Call/WhatsApp: +1 332 209 4094

Economics Demand Linear Programming

Description
For this assignment, you are requested to download the Forecast package in R. The package contains methods and tools for displaying and analyzing univariate time series forecasts including exponential smoothing via state space models and automatic ARIMA modelling. Explore the gas (Australian monthly gas production) dataset in Forecast package by running the following commands in R

install.packages(“Forecast”)

library(forecast)

view(gas)

& do the following:

Read the data as a time series object in R. Plot the data (5 marks)
What do you observe? Which components of the time series are present in this dataset? (5 marks)
What is the periodicity of dataset? (5 marks)
Is the time series Stationary? Inspect visually as well as conduct an ADF test?

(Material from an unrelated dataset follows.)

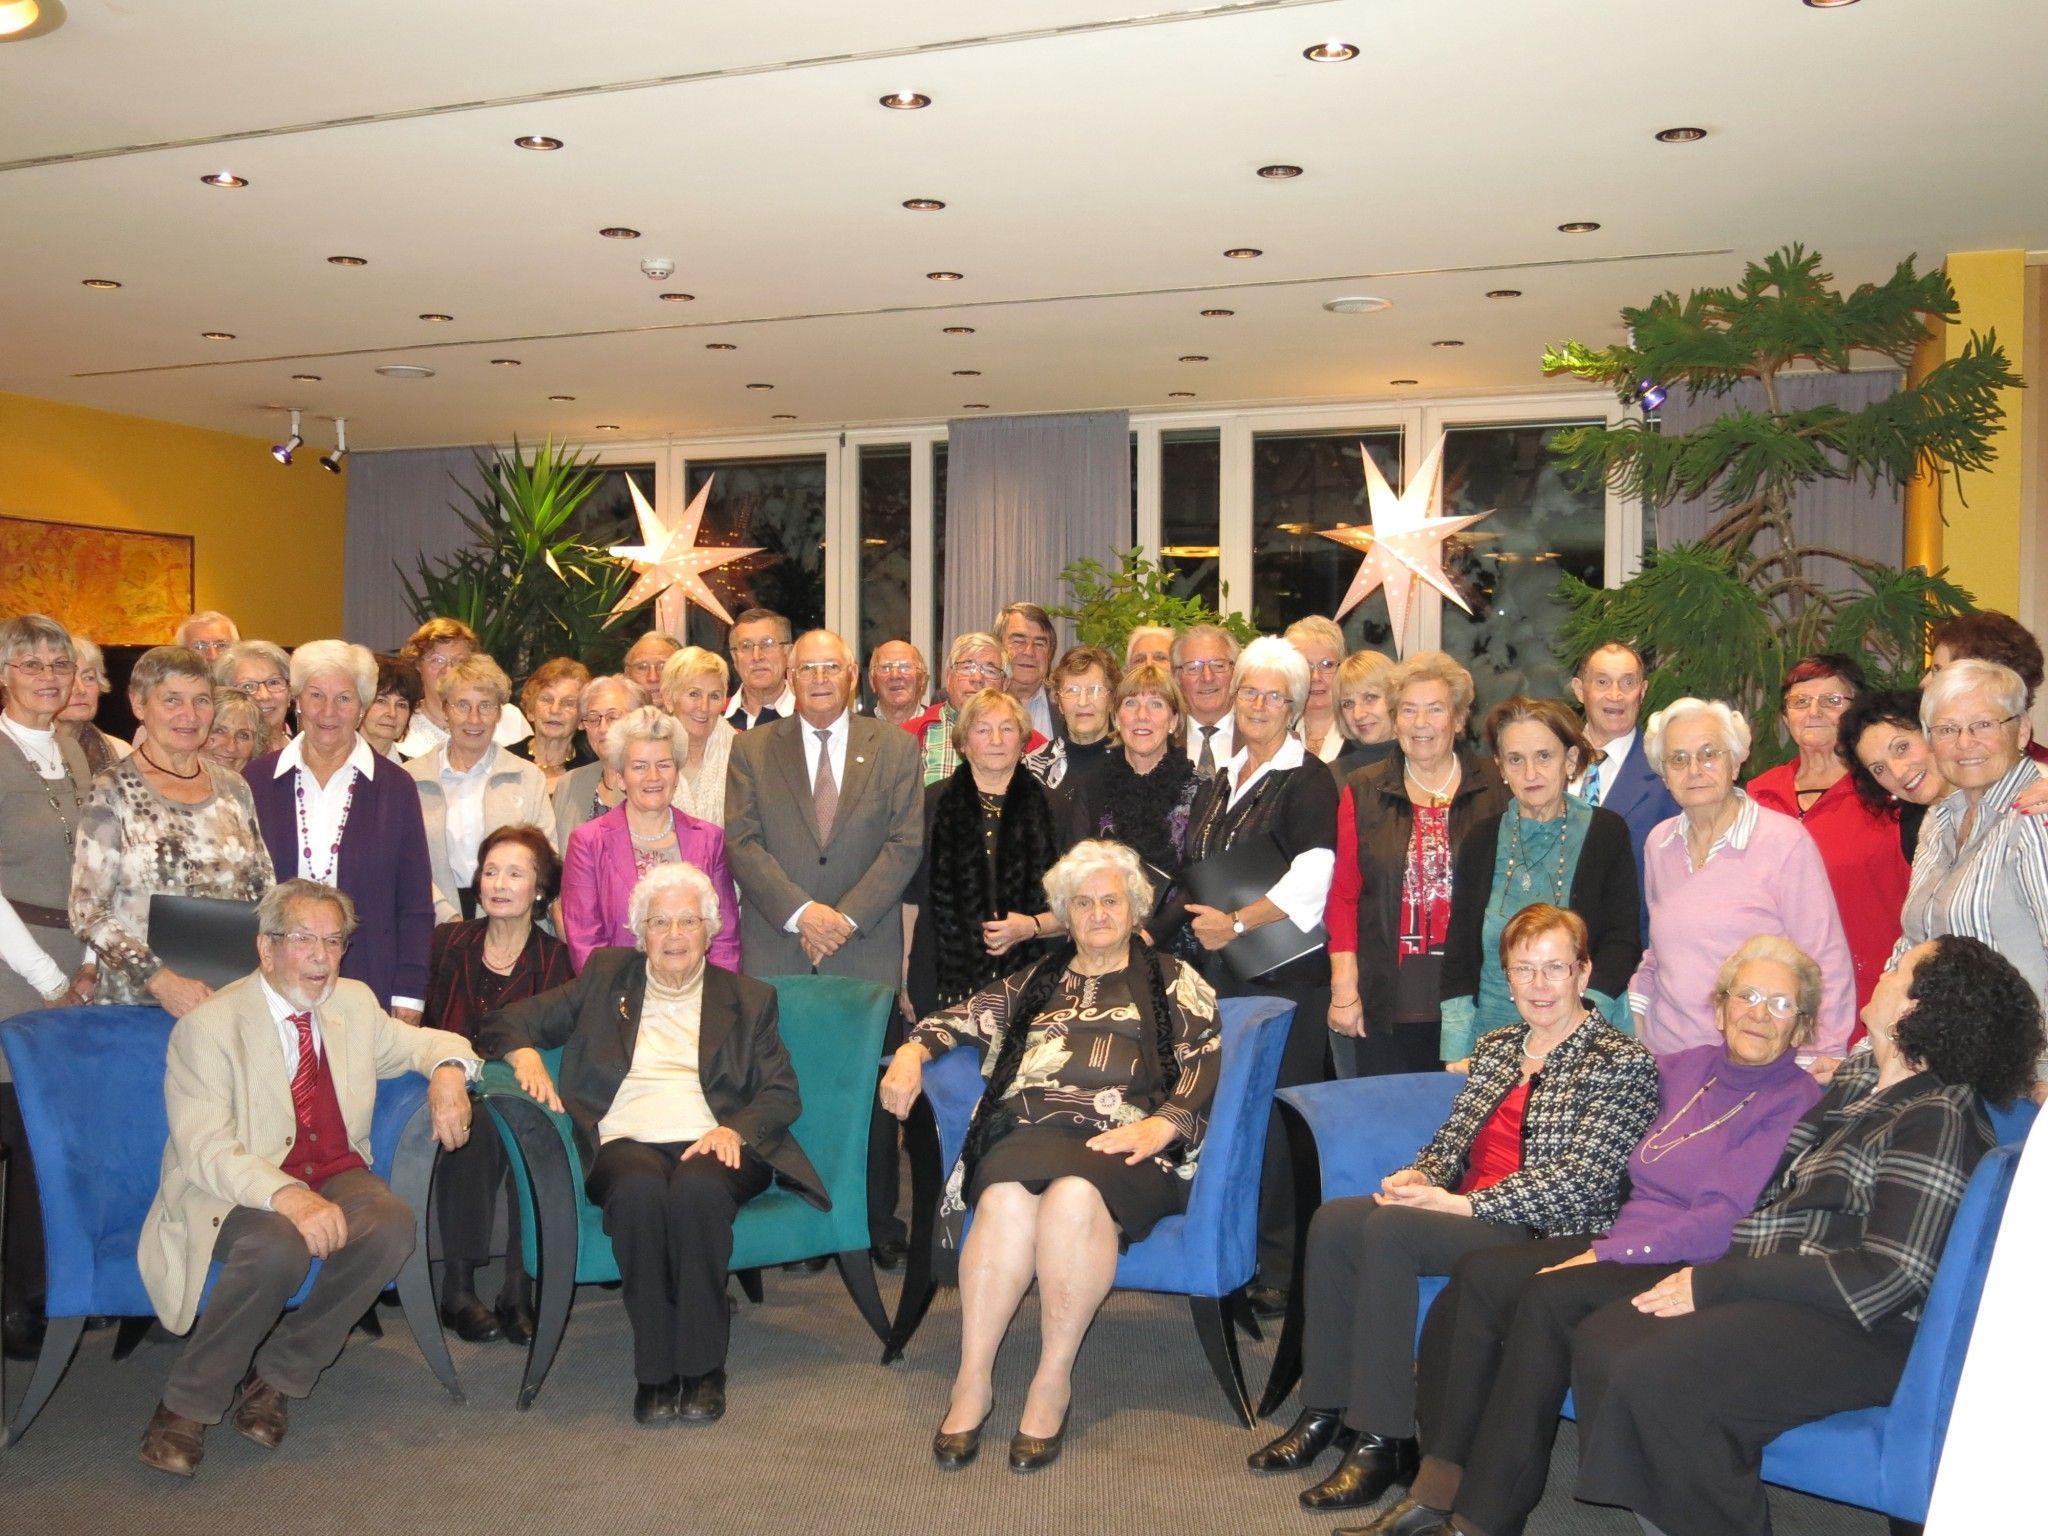 Der Seniorenchor Dornbirn feierte in diesem Jahr sein 30jähriges Bestehen.

Write down the null and alternate hypothesis for the stationarity test? De-seasonalise the series if seasonality is present? (20 marks)
Develop an ARIMA Model to forecast for next 12 periods. Use both manual and auto.arima (Show & explain all the steps) (20 marks)
Report the accuracy of the model (5 marks)
Please note the following:

Your submission should have two files –
1) Business report in PDF format with a word limit of 3000 words,
2) R Code file. Appendices are not counted in the word limit.
You must give the sources of data presented. Do not refer to blogs; Wikipedia etc.
Any assignment found copied/ plagiarized with other(s) will not be graded and marked as zero.
Please ensure timely submission as post deadline assignment will not be accepted.